The first aspect of our framework is ensuring that the AI system can respect the system-level constraints. To do so in the least intrusive way, a safety wrapper is added to guarantee that the decisions taken by the AI system conform to the safety requirements. The safety wrapper module is a crucial element of the proposed framework for improving constraint satisfaction of AI systems, and is designed to enhance the safety and reliability of the AI system by adding an additional layer of protection around it.

When dealing with dynamic systems, where the constraints are usually defined as continuous functions, the safety wrapper can be obtained with a dynamic model that predicts the impact of the chosen actions, i.e., it predicts the next state based on a given action. If this prediction indicates the action will result in an unsafe outcome, constrained optimization can be used to find action alternatives that lay inside the safe region. On the other hand, for discrete-event systems, the safety wrapper can be designed using a formal specification language, such as linear temporal logic.
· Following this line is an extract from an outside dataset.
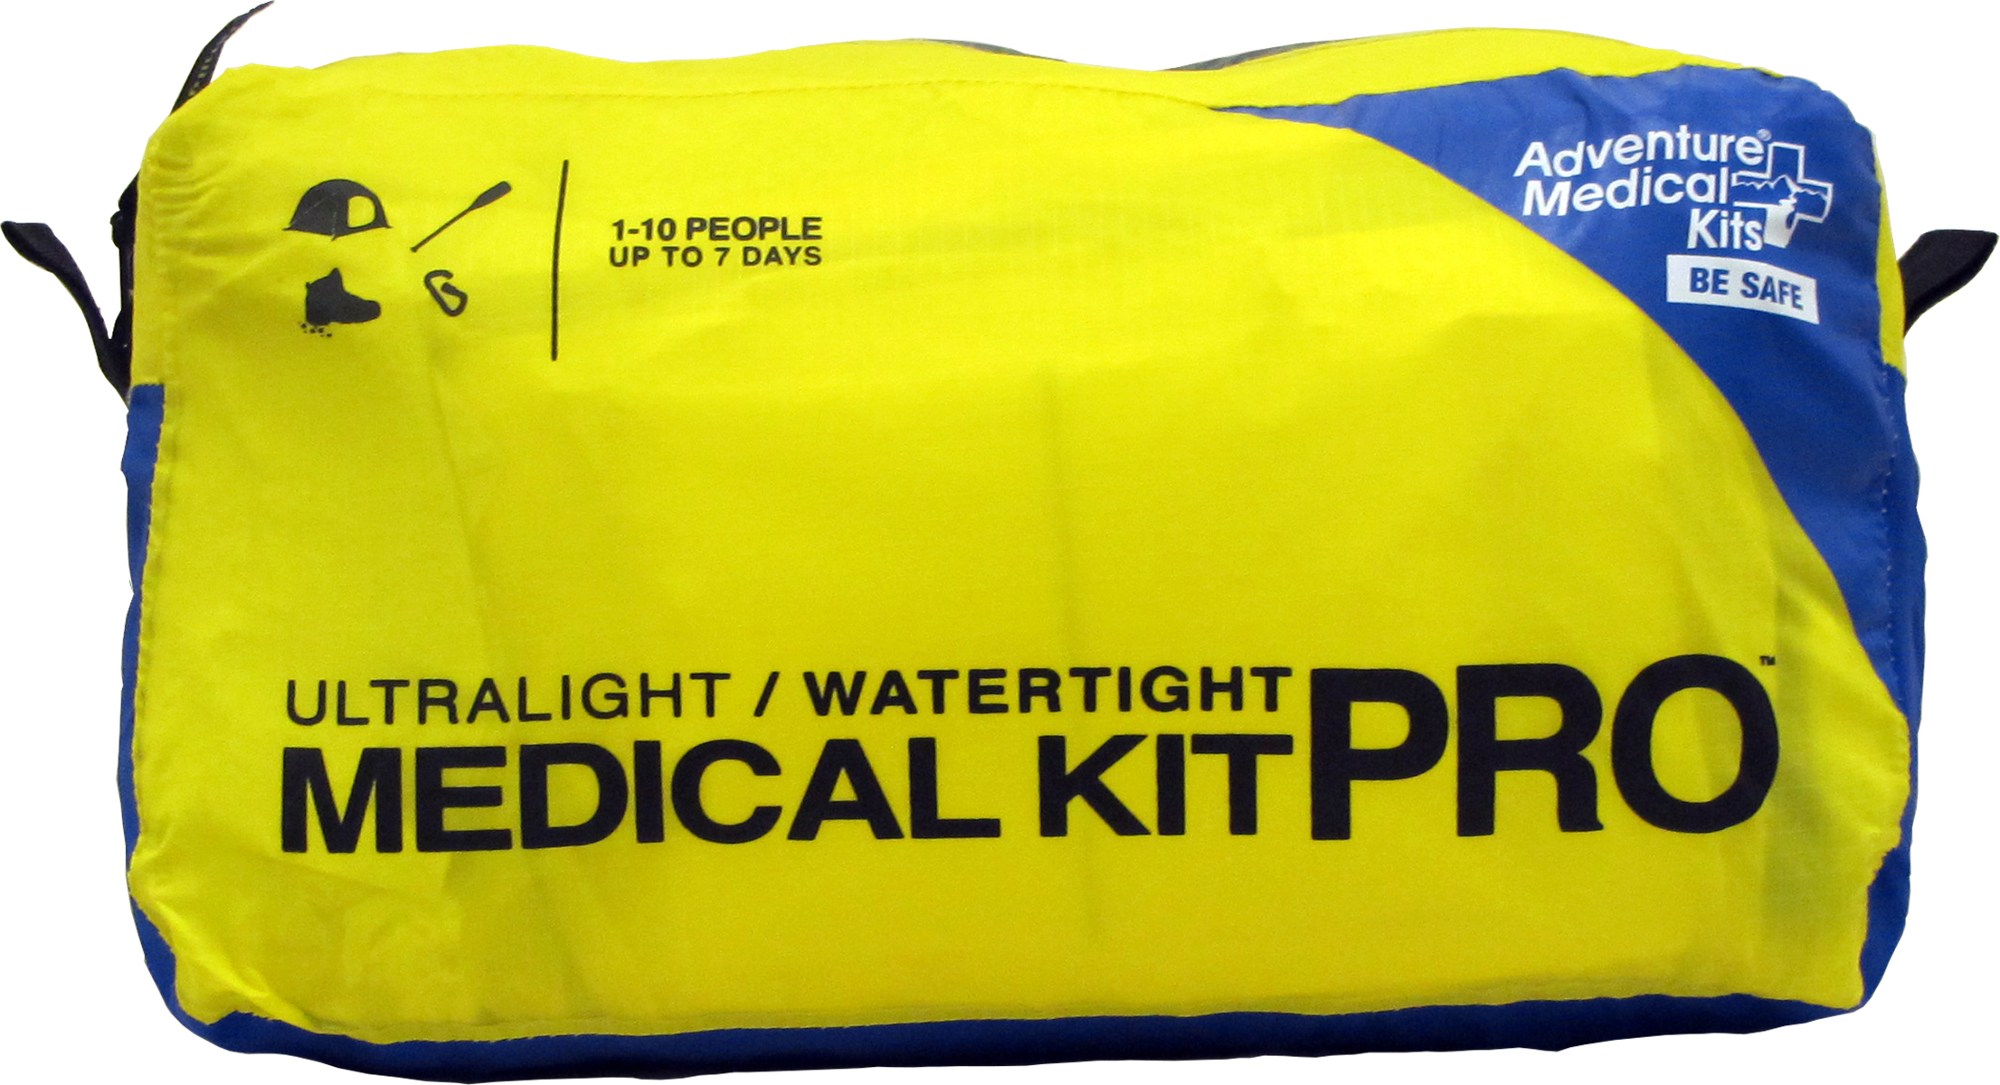 Сверхлегкий/водонепроницаемый медицинский набор PRO Adventure Medical Kits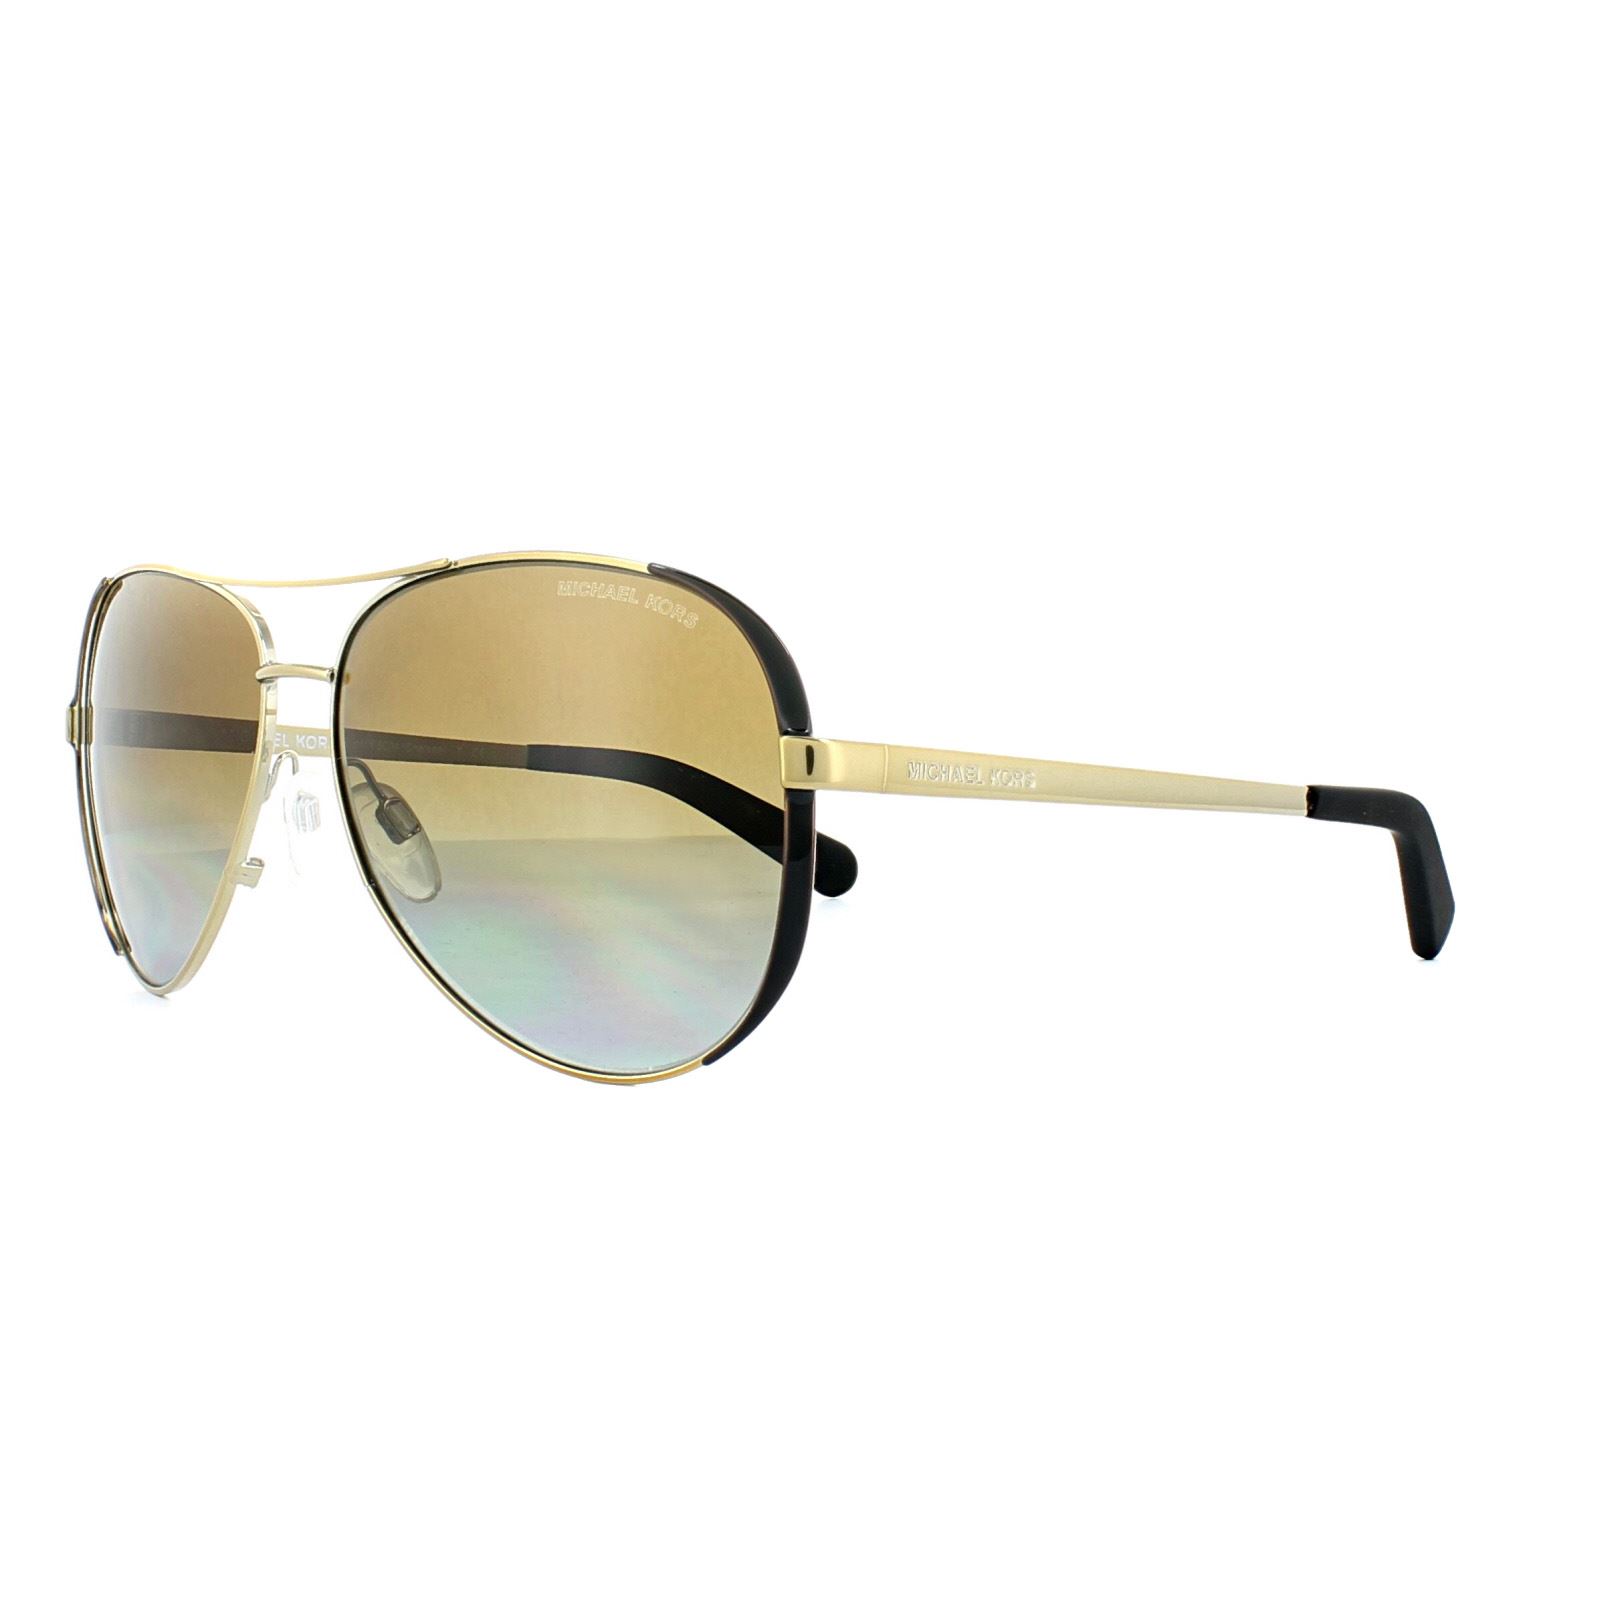 Aviator sunglasses Michael Kors Black in Metal  22926925

External monitoring through OOD (Out of Distribution) detection

Despite focusing on guaranteeing constraint satisfaction, other safety concerns should also be addressed before deploying an AI system. When deciding on using an AI approach, it is expected that such systems can solve complex problems in open-ended environments, but making that possible depends on making sure the system still performs safely even when facing situations that are out of the scope of what was experienced during the ML model training, or the operational domain considered during the design of the safety wrapper. However, ML models are known to have a poor ability to generalize beyond the data they are trained on and are not always able to make accurate predictions if the inputs differ (sometimes even in subtle ways) from the data used for training, known as Out-of-Distribution samples that are a result of distributional shifts in the data.

To add another layer of safety into the proposed framework, a monitor responsible for OOD detection is included and triggers an external supervisor that will give instructions to the ML controller to guide the system under unexpected situations or even take control and steer to a known safe region. The framework is agnostic to the supervisor's nature, which may include rule-based systems, controllers designed with control theory, a safe stop, or even a human supervisor.

Conclusion

Achieving safe AI systems remains a significant challenge that requires continuous research and development efforts. In this blog post one of the safety frameworks developed here at Fraunhofer IKS, which includes two levels of safety verification: a safety wrapper that makes the ML controller respect safety constraints and an OOD detector that triggers external supervision when facing unknown circumstances was presented.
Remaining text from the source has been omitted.